In the hall upstairs, I still hear Sevro speaking to his girls. We were all meant to be here together for a month upon our return. So much is in shambles. I leave Sevro his last moments with his girls and walk back out of the house, across the wooded lawn to the landing pads.
“Were you going to say goodbye?” a voice says from the darkness. I look under the bough of a cypress tree and in the shadows see the moonlit face of my wife. She sits on a stone bench, watching me, her hands folded on her lap, her guards nowhere to be seen. She wears a purple silk jacket with a high collar that’s open to the base of her neck. Circles ring her eyes.
“I was going to call you from orbit,” I say.

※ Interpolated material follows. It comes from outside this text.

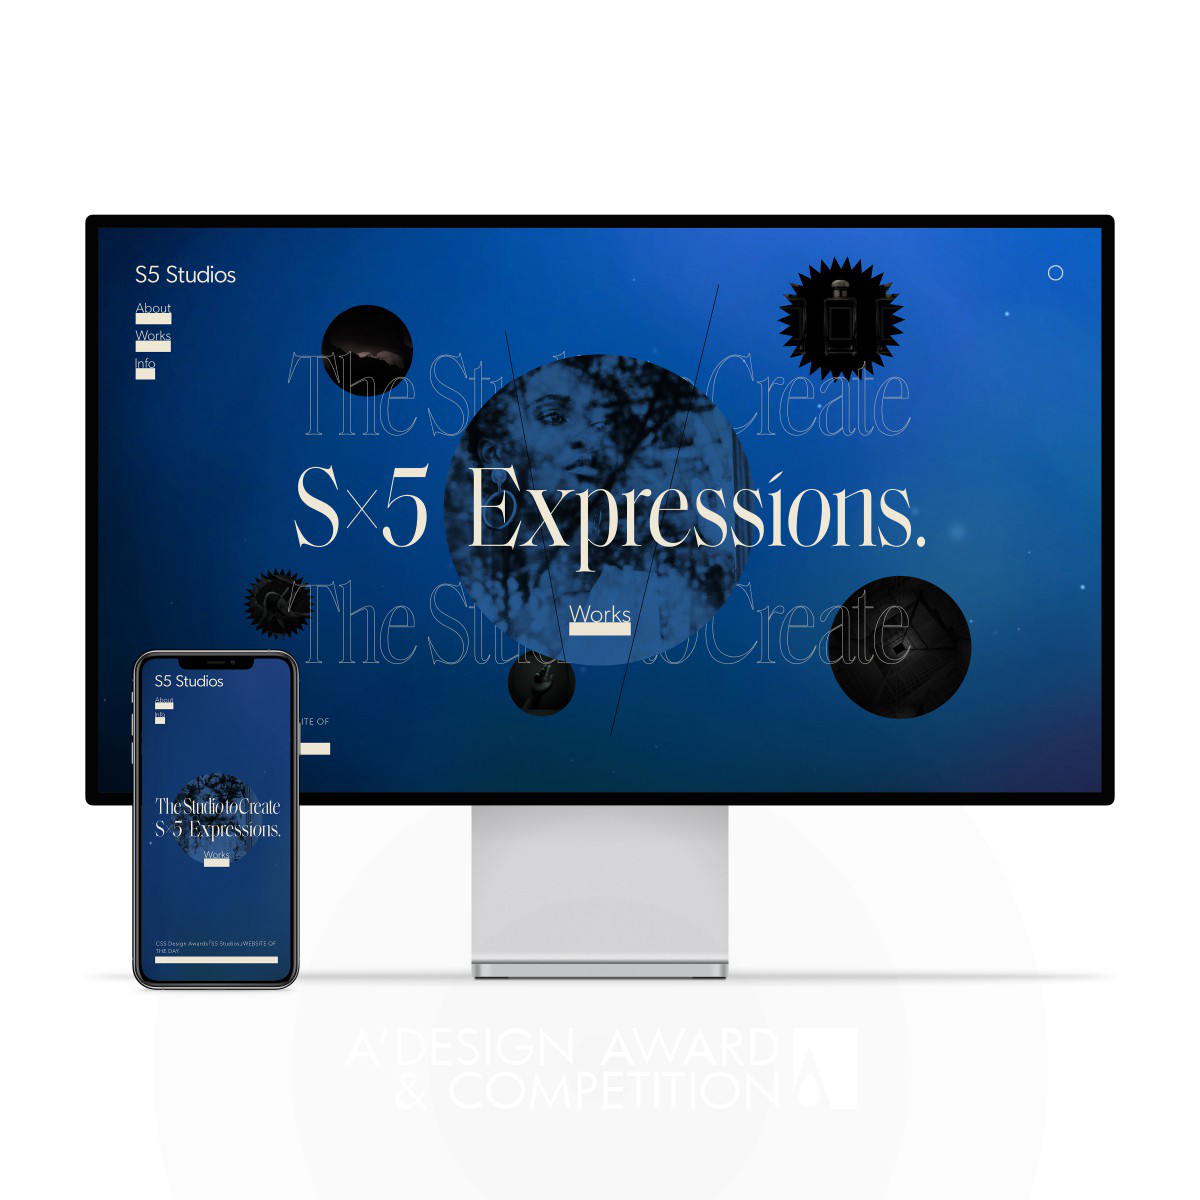 S5 Studios: Un Sito Web che Unisce Arte, Design e Tecnologia
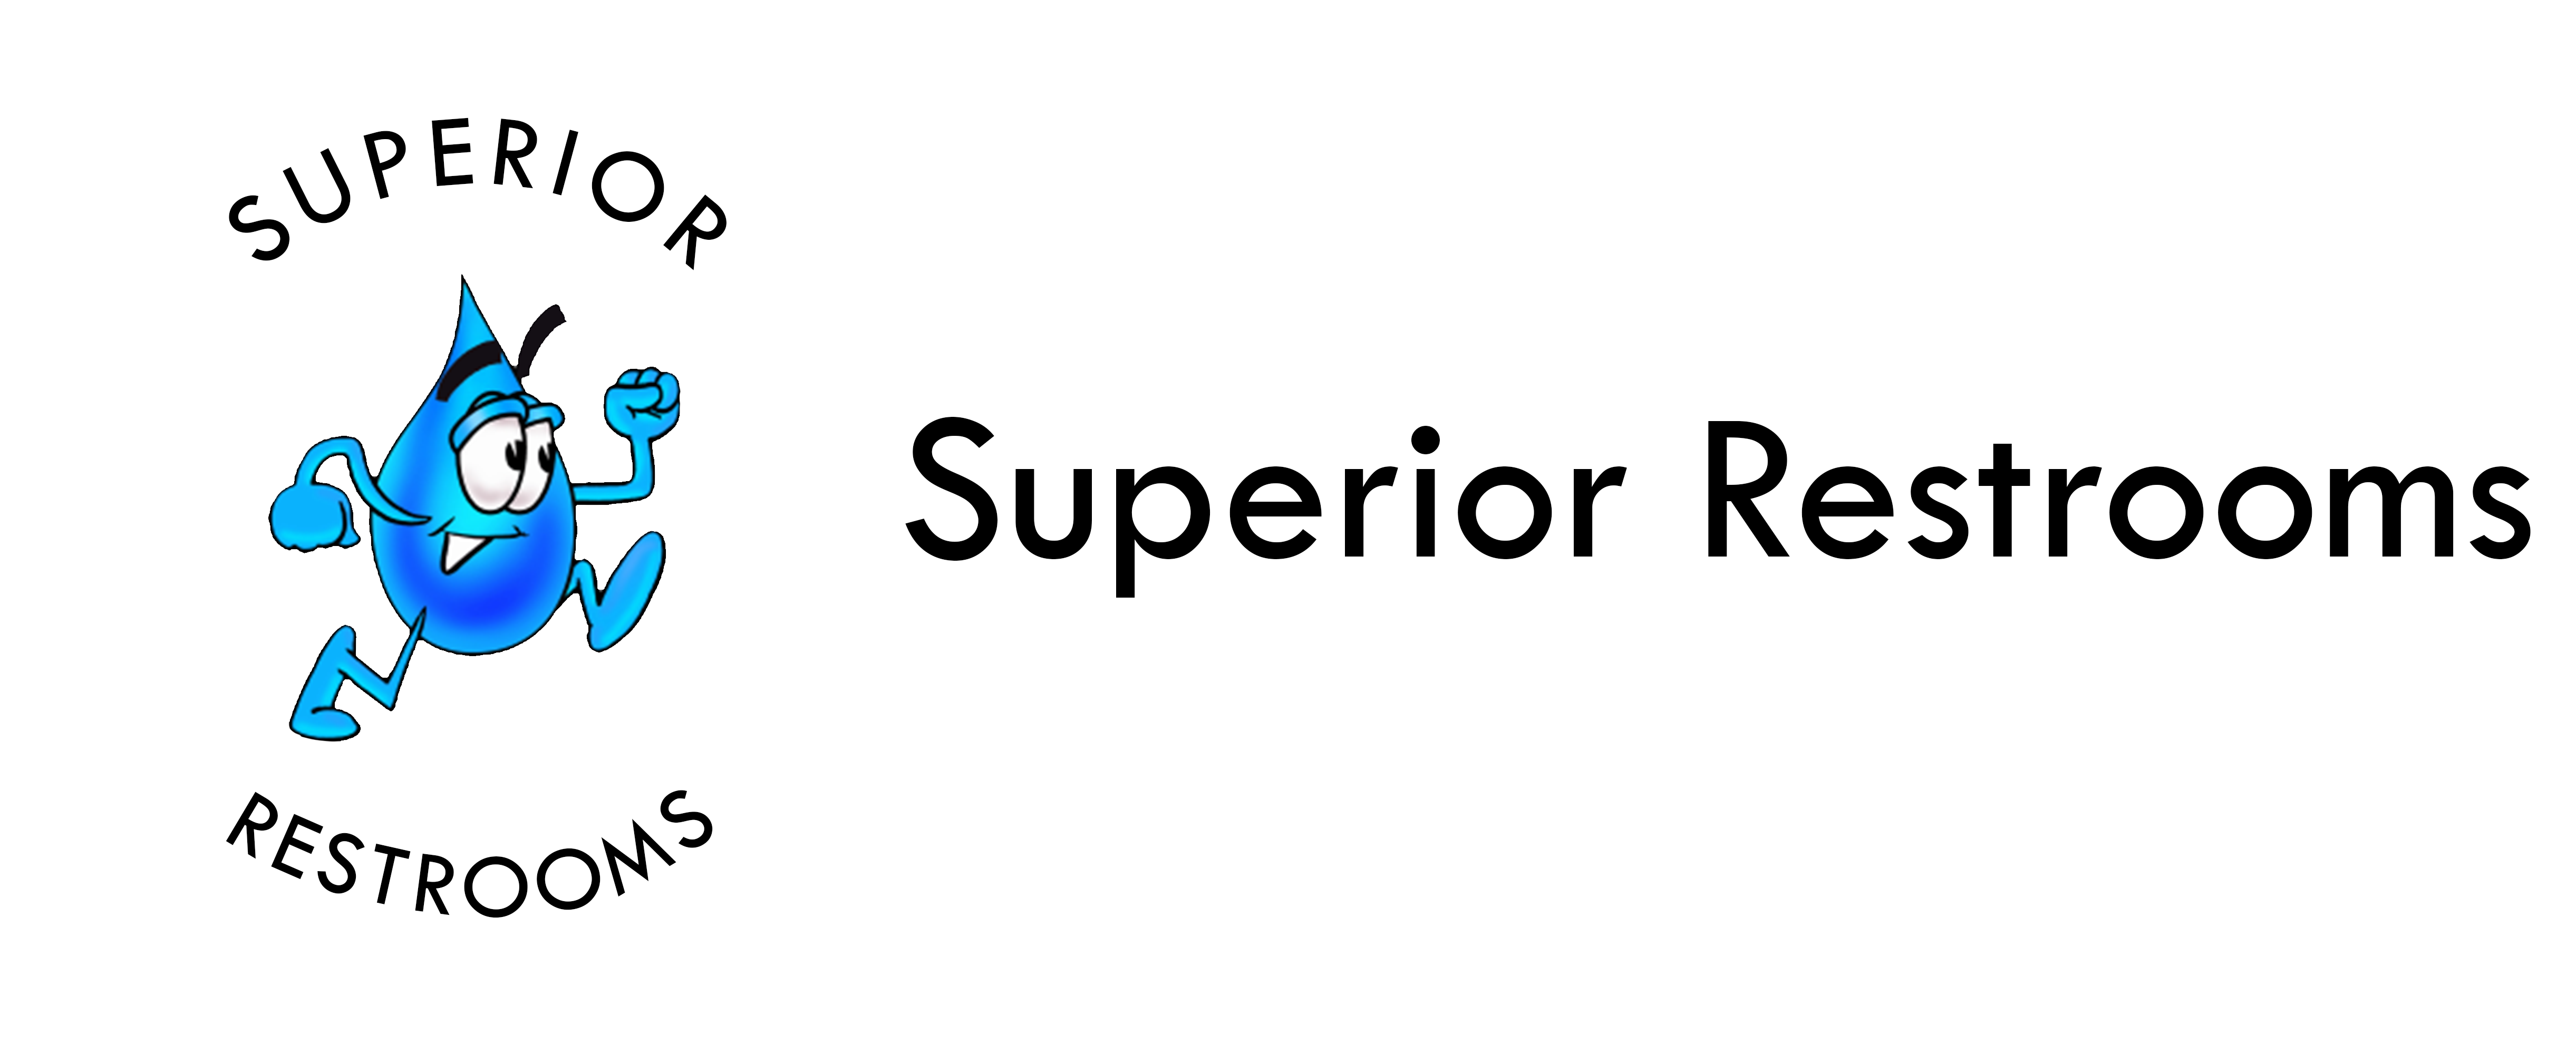 Superior Rest Rooms

“When you were out of my reach.”
I hesitate. “Yes.”
“I see. It is the only way to maintain that I was not complicit in your treason. Reasonable, I suppose.”
I walk toward her and, feeling awkward towering over her, sit on the edge of the stone fountain nearby to face her. Water bubbles out of the half-broken face of a winged cherub, leaking out his eye and ear through a crack.
“It’s not treason,” I say.
“Yes, it is. Euphemisms only go so far. You’re leaving me a mess. Dancer will seek my impeachment.”
“He needs two-thirds of the vote for that. He might get the majority for a peace vote, but never an impeachment.”
“You think they’ll really believe I didn’t know you were leaving? You’re my husband. They think we share everything.” My wife, I’ve often thought, can be two people. One is her, full of life and light and awkward innuendos and snorting laughter and imperfection. The other is the imperious lion. In her face, I feel the shadow of Augustus, my two great enemies, her brother and her father.
“You’re leaving tonight with the Howlers?” she asks.
“Holiday already told you?”
“Where are you going?”
“I can’t tell you that.”
“To Mars?” I say nothing. “To Orion on Venus?” Again, I do not answer. “The Vox Populi think you’re going to storm the Senate with the Seventh.”
“I don’t want a civil war.”
She looks toward the landing pads. I reach for her hand. She pulls it back.
“What is the point of this—marriage—if there’s no faith between us?” she asks. “No trust? I know you love me. I know you love our son. But love isn’t enough. You can’t hide things from me just because I’ll disagree with you. This war isn’t your burden to bear alone. It is shared by all of us.” She looks over at me. “But maybe you think you’re meant to die. Maybe you think you’re supposed to follow her.”
I feel sudden pain for my wife.
“This isn’t about Eo.”
“No, it’s about you praying for storms, believing that when they come they’ll bring you peace.” She shakes her head, on the verge of tears. “I already lost my mother, my father, and my brothers. I will not bury you.” She snorts. “And if you die out there, I won’t even get to do that. You’ll disappear, like you never existed. Claimed by space or our enemies. And Pax will grow up without a father. It’s like you want me to shut myself off to you. Is that what you want?”
“If I don’t end this, how many more will die?” I ask.